Description
Hello,
Unfortunately the example involves a large dataset and, according to my tests, it appears when the number of read lines goes above 1.6 million.
The data can be downloaded as a compressed file from (nothing dangerous in the link).
https://e.pcloud.link/publink/show?code=XZqHIeZokLxWCpx940hw3y45fsKqJPAVK0X
Using a script I have had for quite some time, I want to open the tsv (tab separated file) I get when I decompress the file and then save it as a parquet file without holding it (entirely) in memory.
Please have a look at the script below. Any ideas?

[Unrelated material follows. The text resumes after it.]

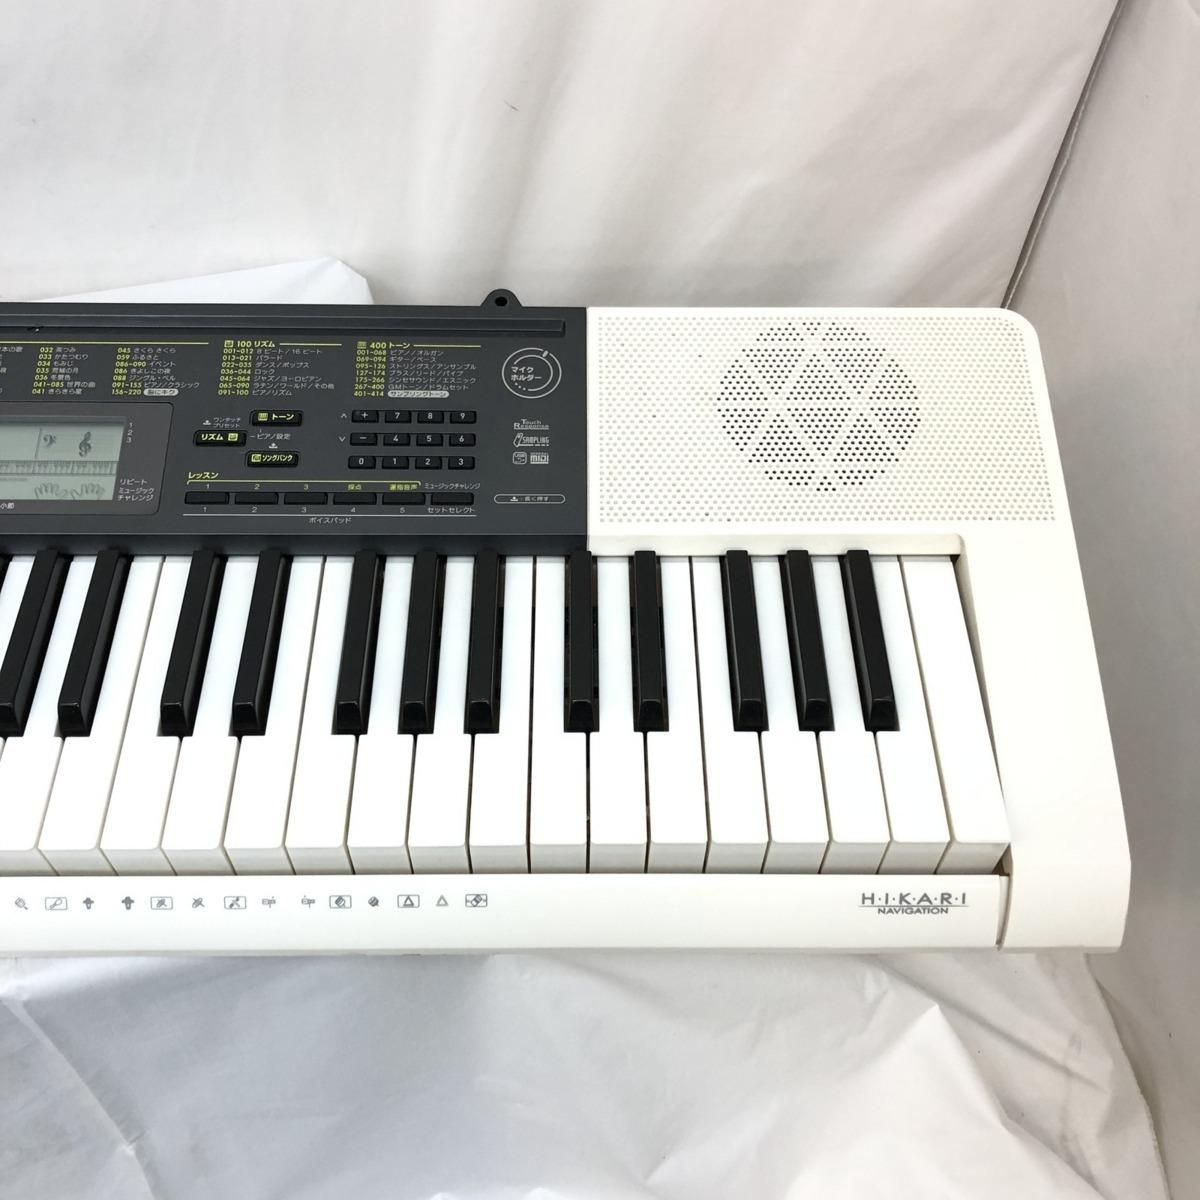 中古 CASIO カシオ 電子キーボード LK-116 61鍵盤 光ナビゲーション 電子ピアノ ホワイト ブラック 鍵盤楽器 アダプター付き H15204_画像7

#################################################################
library(arrow)
#>
#> Attaching package: 'arrow'
#> The following object is masked from 'package:utils':
#>
#> timestamp
data <- open_dataset("export.tsv",
format = "tsv",
skip_rows = 1,
schema = schema(
AID_MEASURE_ID = string(),
DATE_CREATED = string(),
DATE_GRANTED = string(),
AA_PUBLISHED_DATE = string(),
SERVER_REF = string(),
AM_TITLE = string(),
AM_TITLE_EN = string(),
STATUS = string(),
AM_PROC_TYPE_CD = string(),
COFINANCE = string(),
OBJECTIVE = string(),
OTHER_OBJECTIVE_EN = string(),
AID_INSTRUMENT = string(),
OTHER_AID_INSTRUMENT_EN = string(),
BENEFICIARY_NAME = string(),
BENEFICIARY_NAME_ENGLISH = string(),
BENEFICIARY_NATIONAL_ID = string(),
BENEFICIARY_NAT_ID_TYPE_SD = string(),
BENEFICIARY_TYPE_SD = string(),
COUNTRY_SD = string(),
REGION_SD = string(),
SECTOR_SD = string(),
GRANTED_AMOUNT_FROM_EUR = double(),
NOMINAL_AMOUNT_EUR_FROM = double(),
GRANT_RANGE = string(),
GRANTED_AMOUNT_RANGE_DESC=string(),
GRANTING_AUTHORITY_NAME = string(),
GRANTING_AUTHORITY_NAME_EN = string(),
NUTS_CD = string(),
GRANTING_AUTHORITY_COUNTRY = string()
)
)
write_dataset(
data,
format = "parquet",
path = ".",
max_rows_per_file = 1e7
)
#> Error: Invalid: CSV parser got out of sync with chunker
sessionInfo()
#> R version 4.3.2 (2023-10-31)
#> Platform: x86_64-pc-linux-gnu (64-bit)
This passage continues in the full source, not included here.